We run the inference with pytorch to compare the result:

python3 infer_torch.py

Output:

tensor([[[ 8.4078,  7.2025,  5.1148,  ..., -6.6914, -6.7891, -6.6537],
         [ 6.9701,  9.8974,  8.2166,  ..., -3.8915, -3.6938, -3.6568],
         [ 8.1992, 10.7218,  8.5026,  ..., -6.3409, -6.2479, -6.1362],
         [ 6.5460, 10.3988, 11.3100,  ..., -5.9844, -5.8064, -6.0777],
         [ 8.9343, 13.1374,  8.5681,  ..., -6.8350, -6.7943, -6.6916],
         [ 5.1627,  6.0626,  1.7213,  ..., -7.7891, -7.5690, -7.6591]]],
       grad_fn=<ViewBackward0>)
predicted word:  a

Pipeline mode with server side tokenization and detokenization

This variant offloads tokenization and detokenization step from client to the server. OVMS can convert string proto to 2D U8 tensor and pass the data to tokenization custom node.

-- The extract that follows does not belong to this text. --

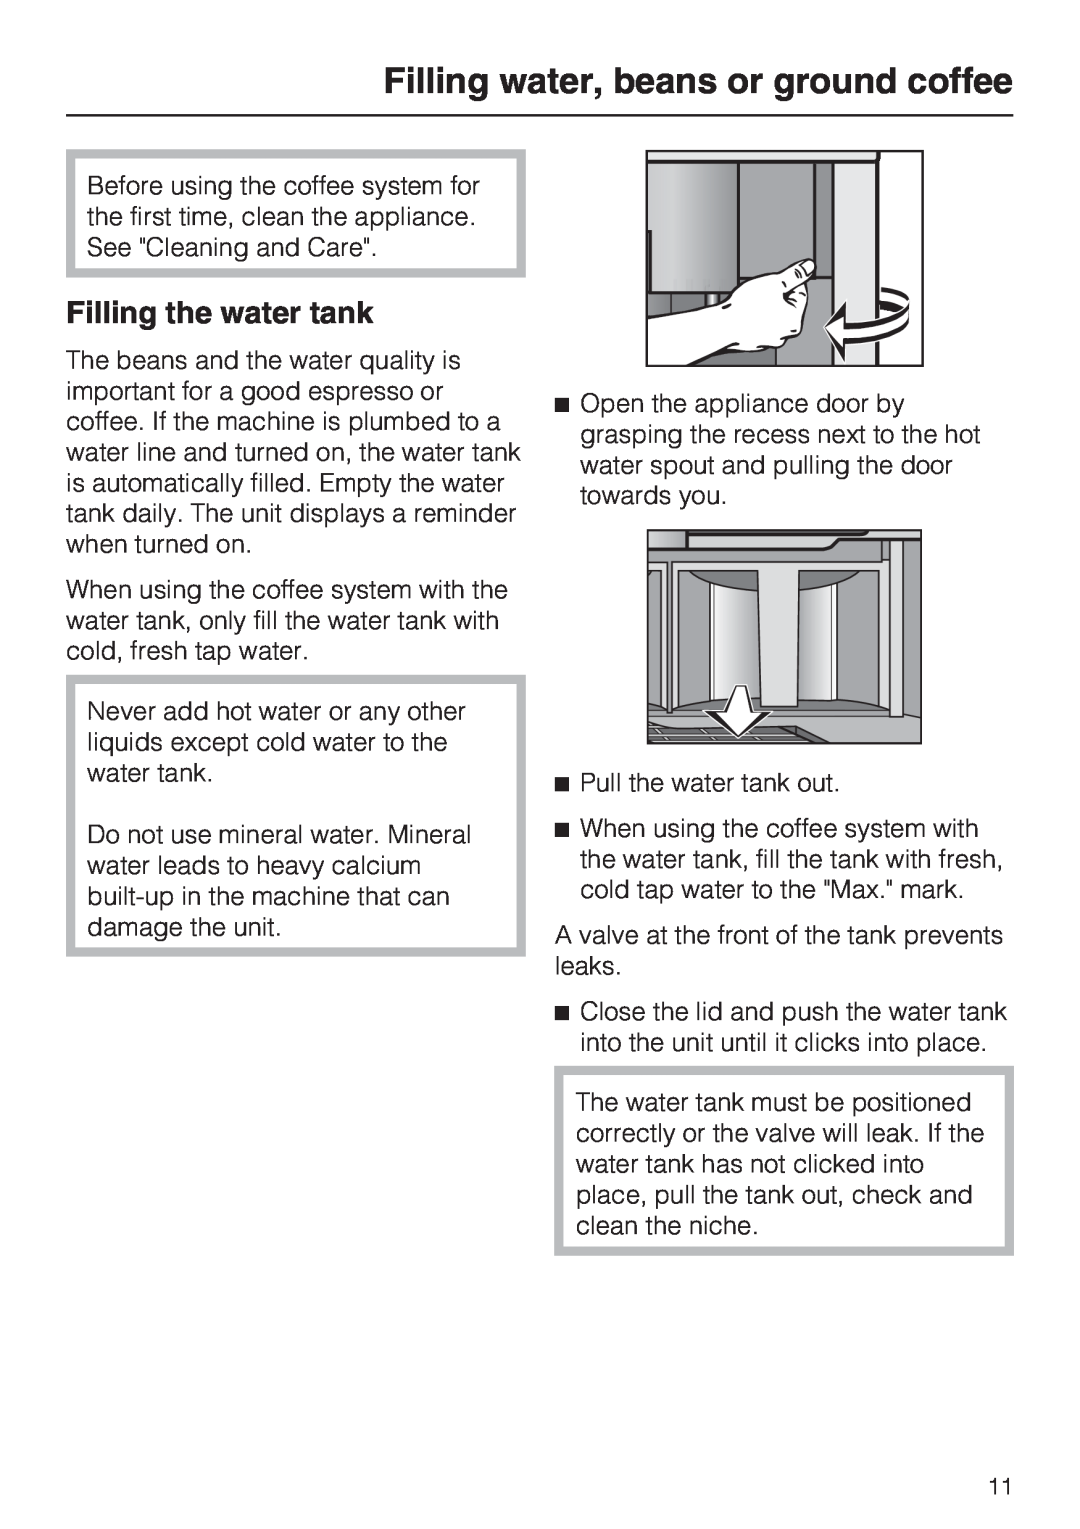 Miele CVA4075 installation instructions Filling water, beans or ground coffee, Filling the water tank

This way we generate tokens for gpt-j-6b model automatically and get the response as text instead of probability vector.

diagram

Prepare environment

Use make command to prepare custom node libraries, blingfire tokenization models and configuration file.

make

Workspace should look as follows:

tree workspace
workspace
├── config.json
├── lib
   ├── libdetokenizer.so
   └── libtokenizer.so
└── tokenizers
    ├── gpt2.bin
    └── gpt2.i2w

2 directories, 5 files

Start OVMS with prepared workspace:

docker run -d --rm -p 9000:9000 \
    -v $(pwd)/onnx:/onnx:ro \
    -v $(pwd)/workspace:/workspace:ro \
    openvino/model_server \
    --port 9000 \
    --config_path /workspace/config.json

Install Tensorflow Serving API package:

pip install --upgrade pip
pip install tensorflow-serving-api==2.11.0

Run example client:

python3 dag_client.py --url localhost:9000 --model_name my_gpt_pipeline --input "Neurons are fascinating"

0.5515012741088867 Neurons are fascinating cells that are responsible for the transmission of information from one brain region to another. They are also responsible for the production of hormones and neurotransmitters that are responsible for the regulation of mood, sleep, appetite, and sexual function.